VTDigger.org - Welch Seeks to Close Loophole in "Dysfunctional' Drug Market

News Article

Date: Sept. 29, 2016

By Erin Mansfield

Vermont's lone congressman has introduced a bill he says would lower prescription drug costs for hospitals, targeting an aspect of what he calls "market dysfunction."

The Closing Loopholes for Orphan Drugs Act is the 10th bill Democratic Rep. Peter Welch has introduced in Congress targeting prescription drug prices. Many of them focus on small changes in market dynamics.

"We have a broken market," Welch said in an interview. "There's no competition and there's no transparency. It's being manipulated very effectively by the pharmaceutical companies to maximize profits and to keep opaque what the justification is."

Welch's new bill, which he introduced with a Republican co-sponsor, would stop pharmaceutical companies from being able to exploit a provision in federal law that allows the companies to maintain high prices for their products.

The bill would rewrite the 1983 law that encouraged pharmaceutical companies to develop drugs to treat diseases so rare that the medications wouldn't be profitable because so few people would need to buy them. Those drugs were termed "orphans" in the market.
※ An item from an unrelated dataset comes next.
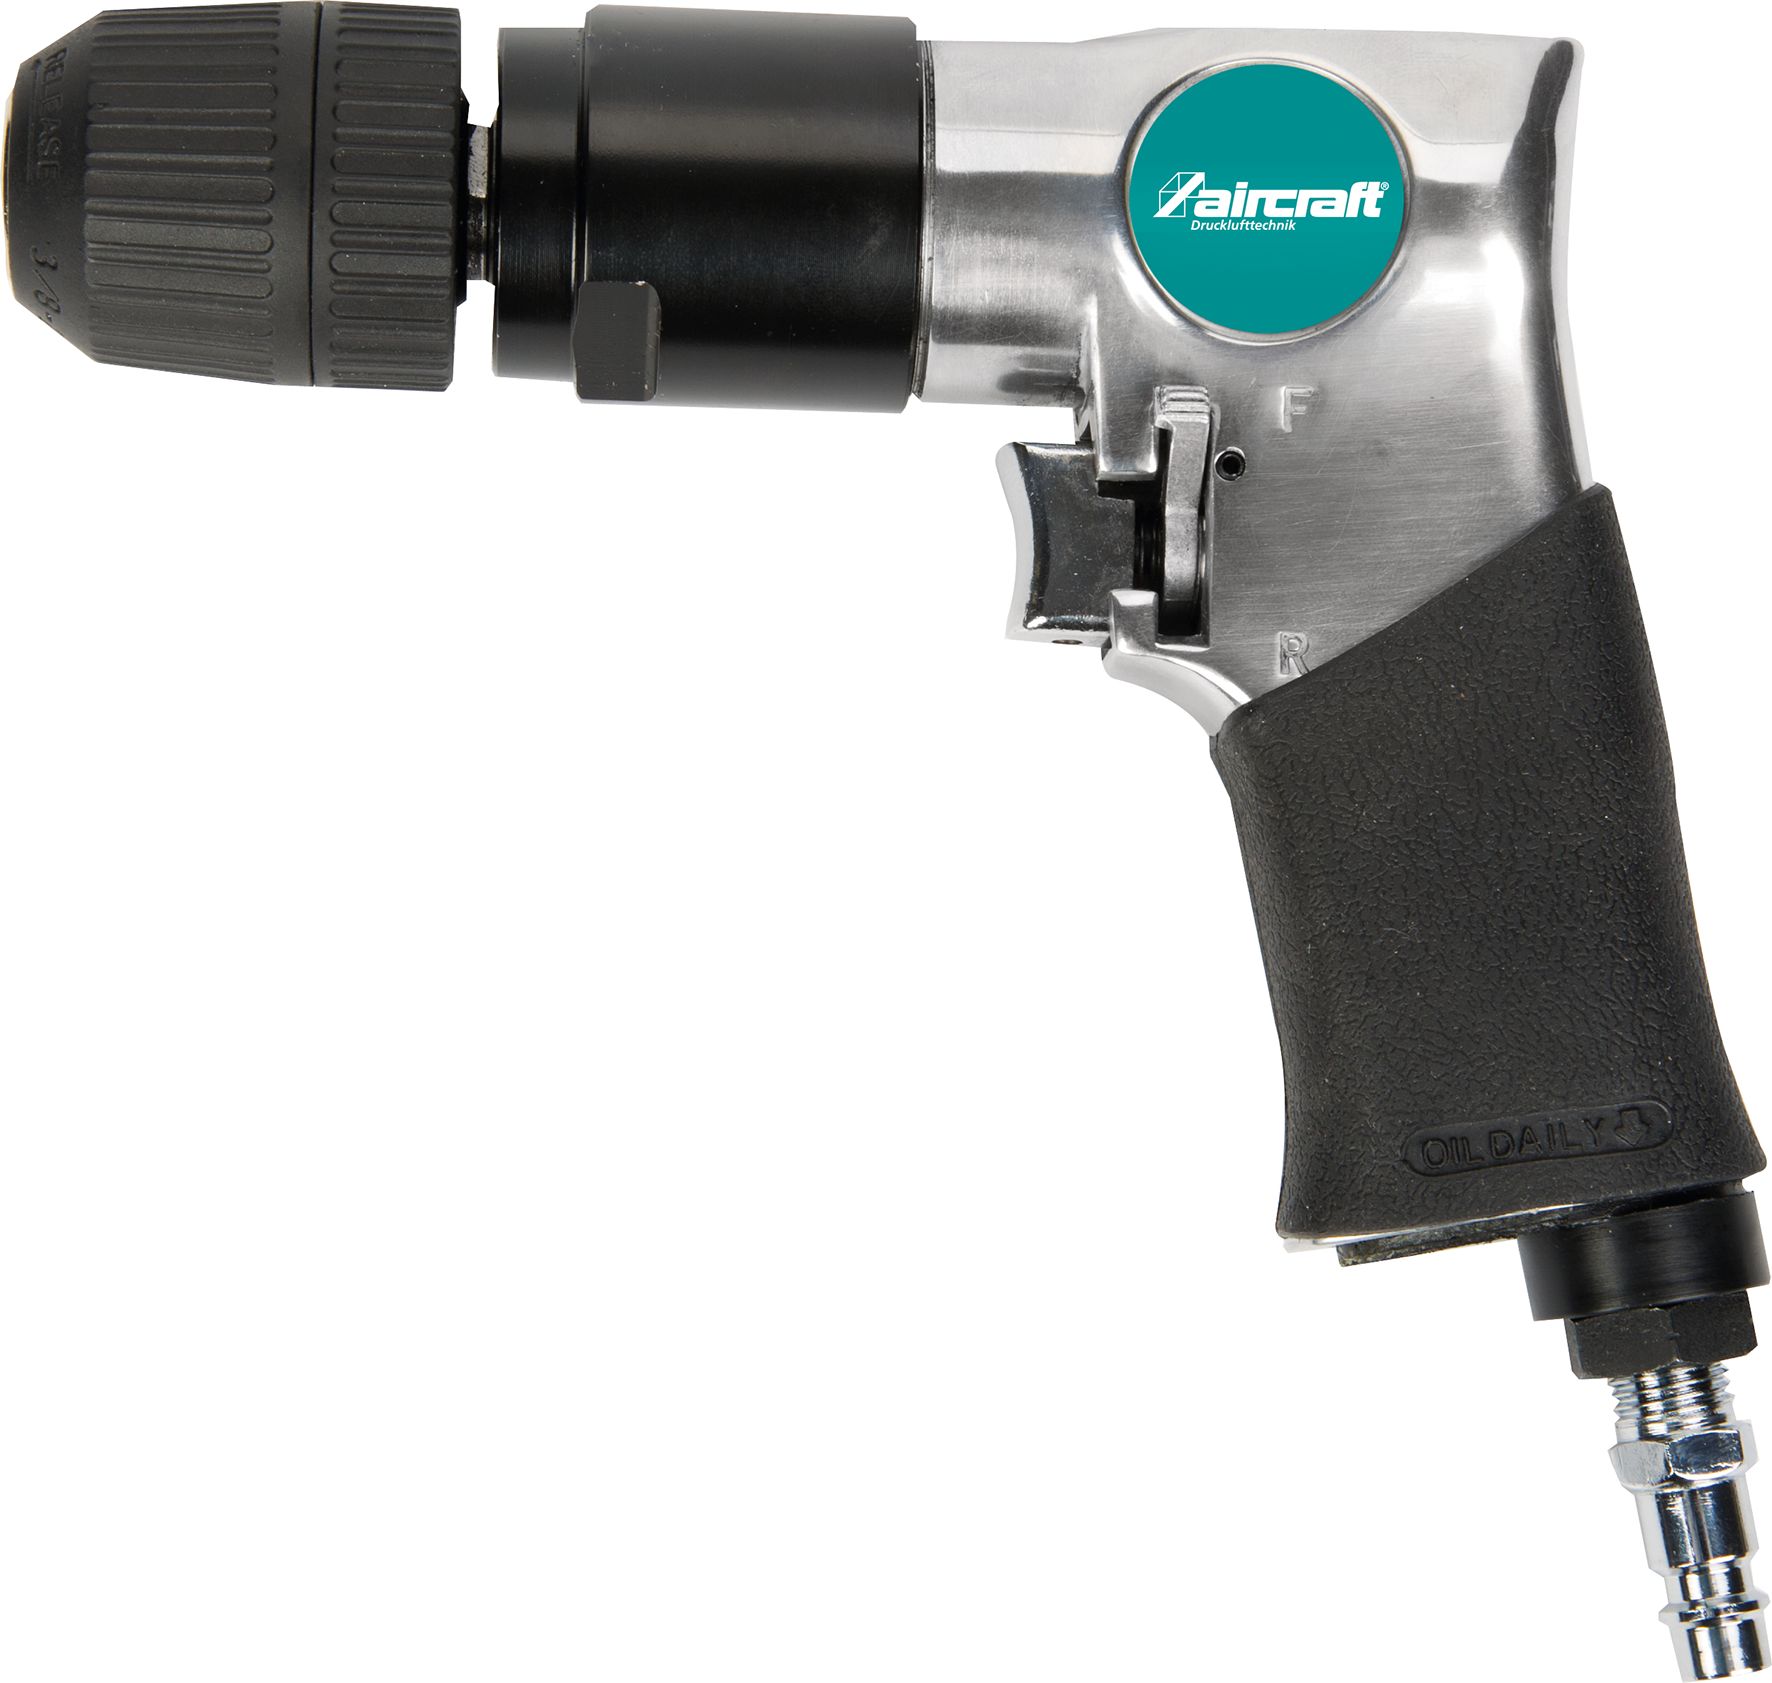 Perceuse pneumatique réversible automatique de 10 mm pour compresseur d’air avec raccord mâle de 1/4 18 000 tr/min 
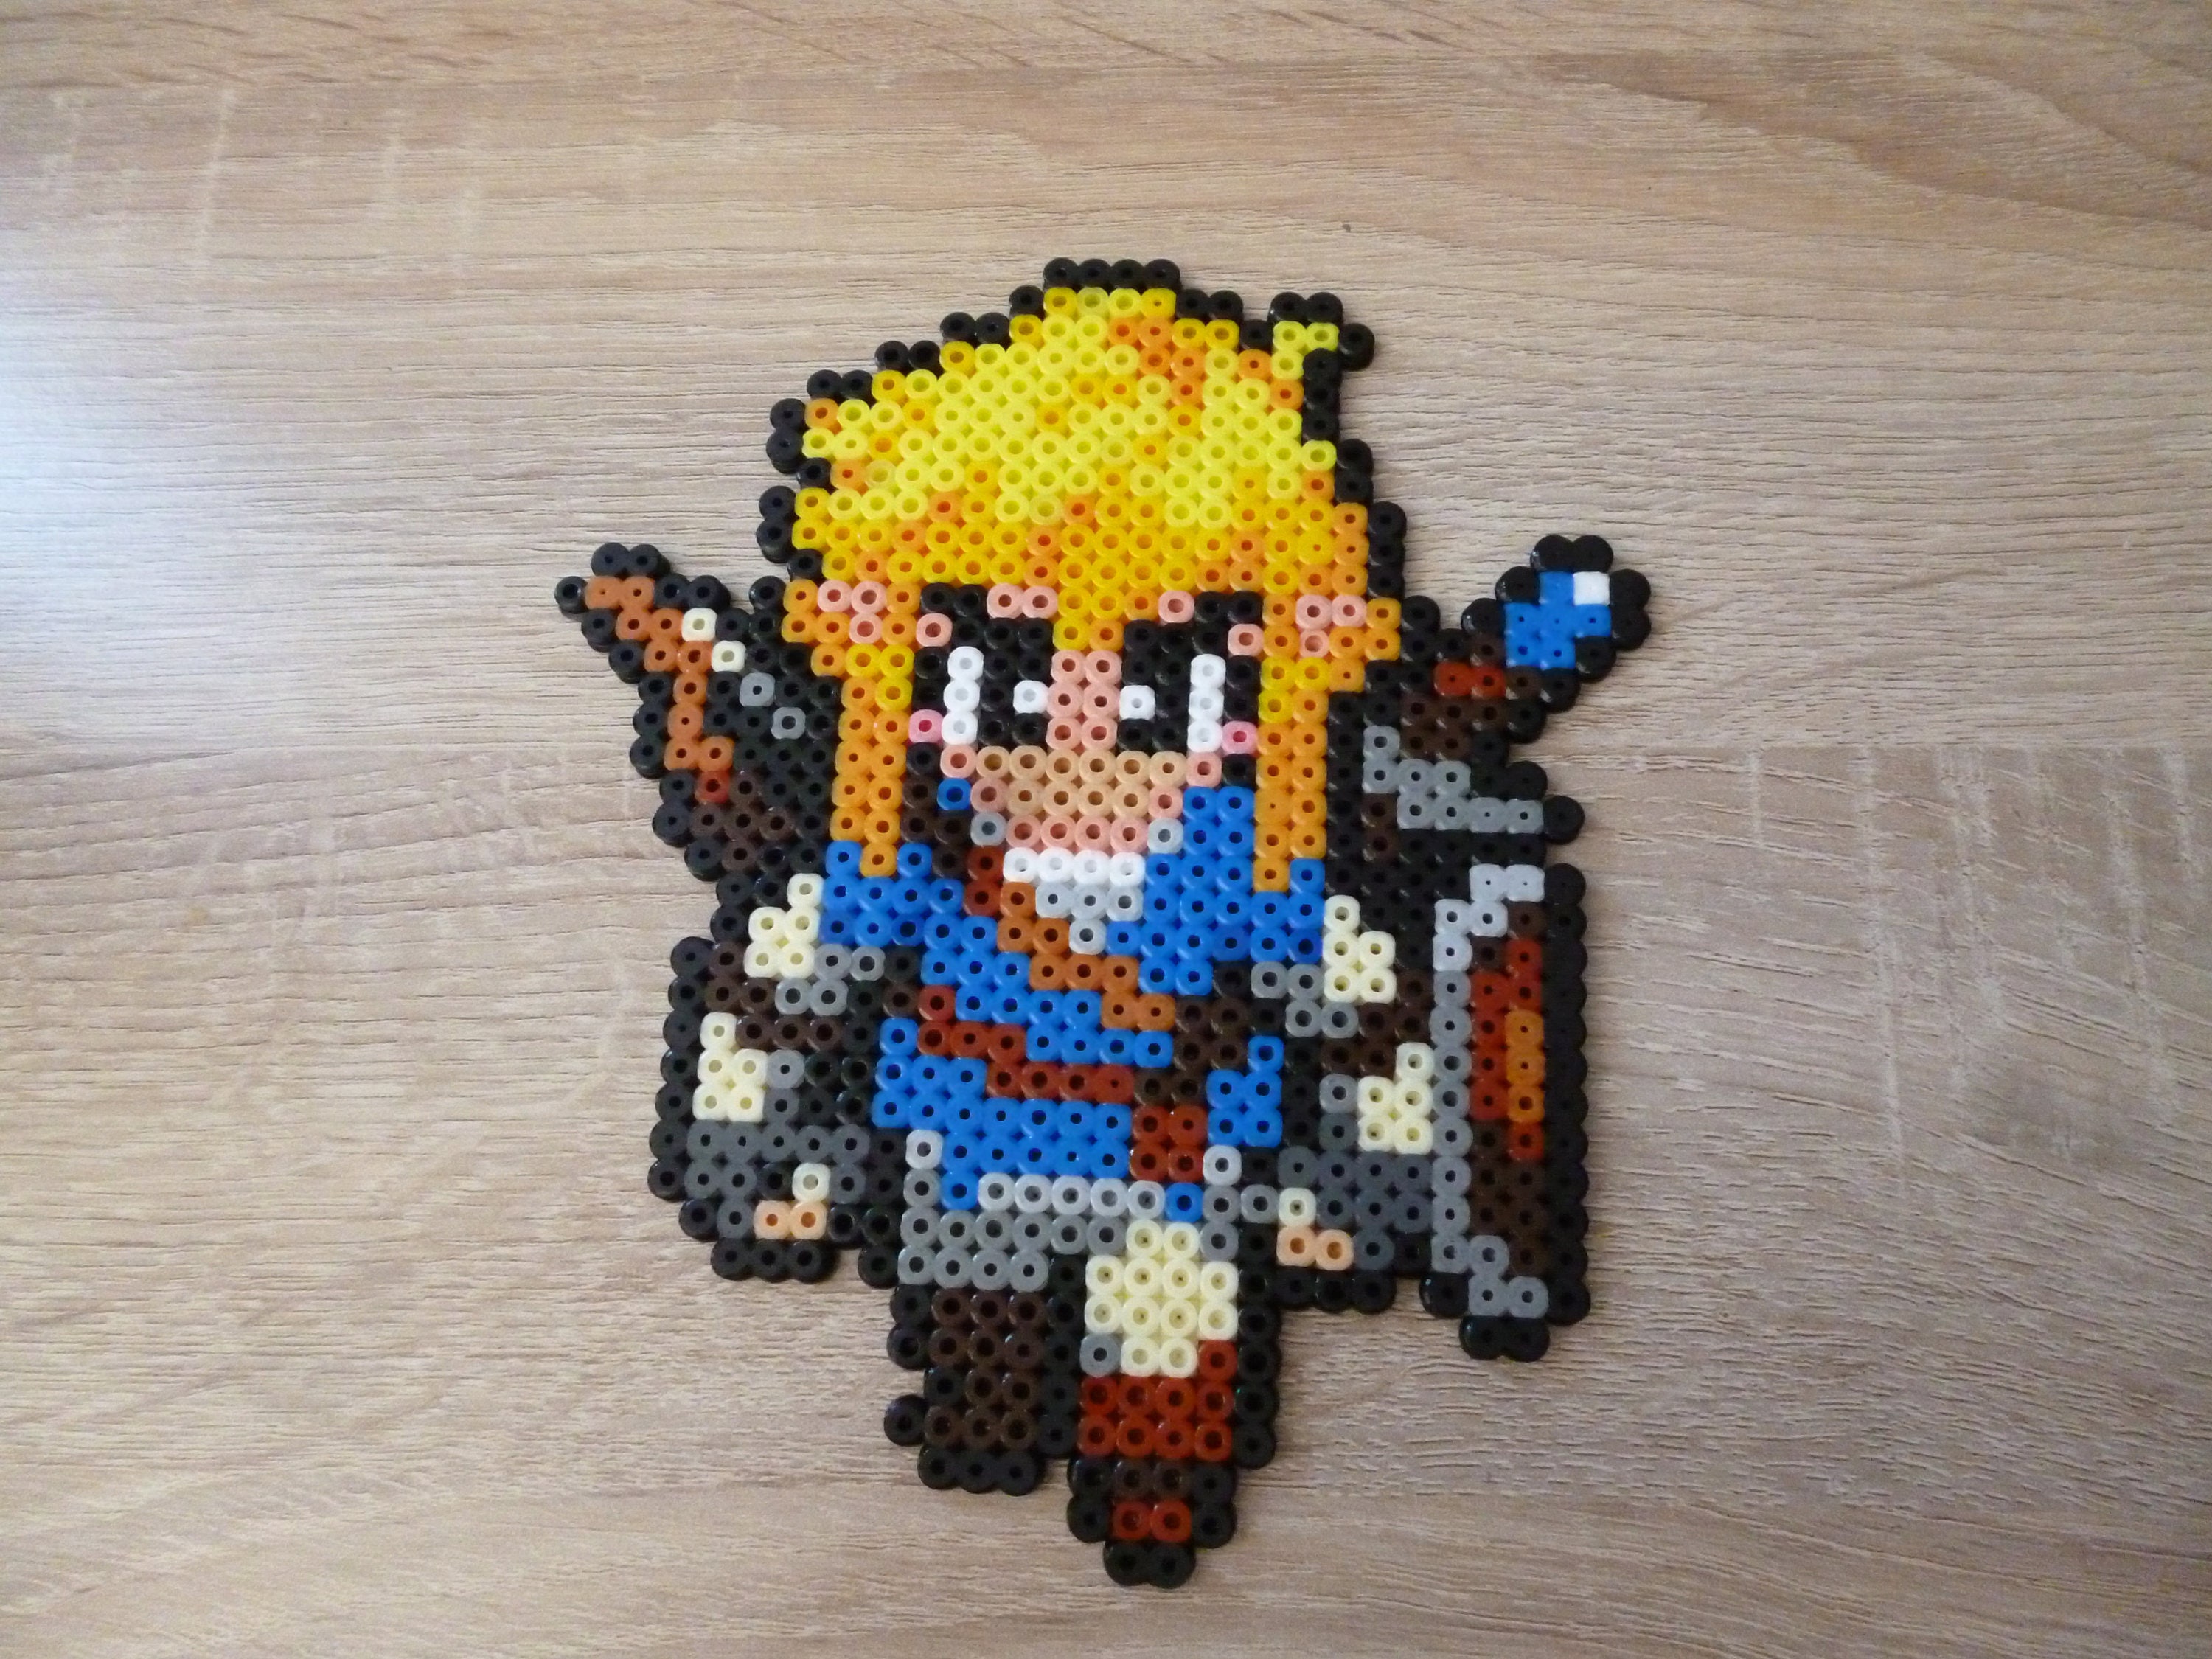 Zelda Pixel Art Template

But because of a loophole in the law, a company can develop a new drug that treats millions of people per year, Welch said. The company can then tell the U.S. Food and Drug Administration that the drug also treats a small population of people who have rare diseases.

The FDA will then award the company "orphan drug status" that legally bars certain hospitals from negotiating down the price of that drug. That means even though the status was designed for drugs that treat only rare diseases, it is being used to help the makers of widely used drugs.

"It started with a well-intended congressional action that gave economic incentives to pharmaceutical companies to develop drugs to help people who had rare diseases," Welch said. "What's happened since then is that the pharma companies have created a loophole, and they're driving a Brink's truck through it."

"The industry has been gaming the system by slicing and dicing indications so that drugs qualify for lucrative orphan status benefits," a researcher at Johns Hopkins University said in November. "As a result, funding support intended for rare disease medicine is diverted to fund the development of blockbuster drugs."

Welch pointed to a drug called Remicade, which treats rheumatoid arthritis and a condition of the colon, two conditions that affect millions of Americans every year, according to the U.S. Centers for Disease Control and Prevention.

The FDA awarded Remicade orphan drug status in 2003 because it can also treat juvenile colitis, according to a press release from the drug manufacturer, Johnson & Johnson. The disease is very rare in children, according to Welch.

The cost of using prescription drugs with the orphan designation was an average of $112,000 per patient in 2014, according to The Washington Post. The average cost per patient to take drugs without the designation was $23,000, the Post said.

Judy Tartaglia, the CEO of Central Vermont Medical Center, supports Welch's bill. She said in a statement that removing the orphan drug loophole would allow small hospitals to get discounts on the drugs "in many situations, and would result in significant savings" to her hospital.

Three-quarters of Americans say prescription drug prices are too high, and one-quarter have trouble affording them, according to a poll from the Kaiser Family Foundation.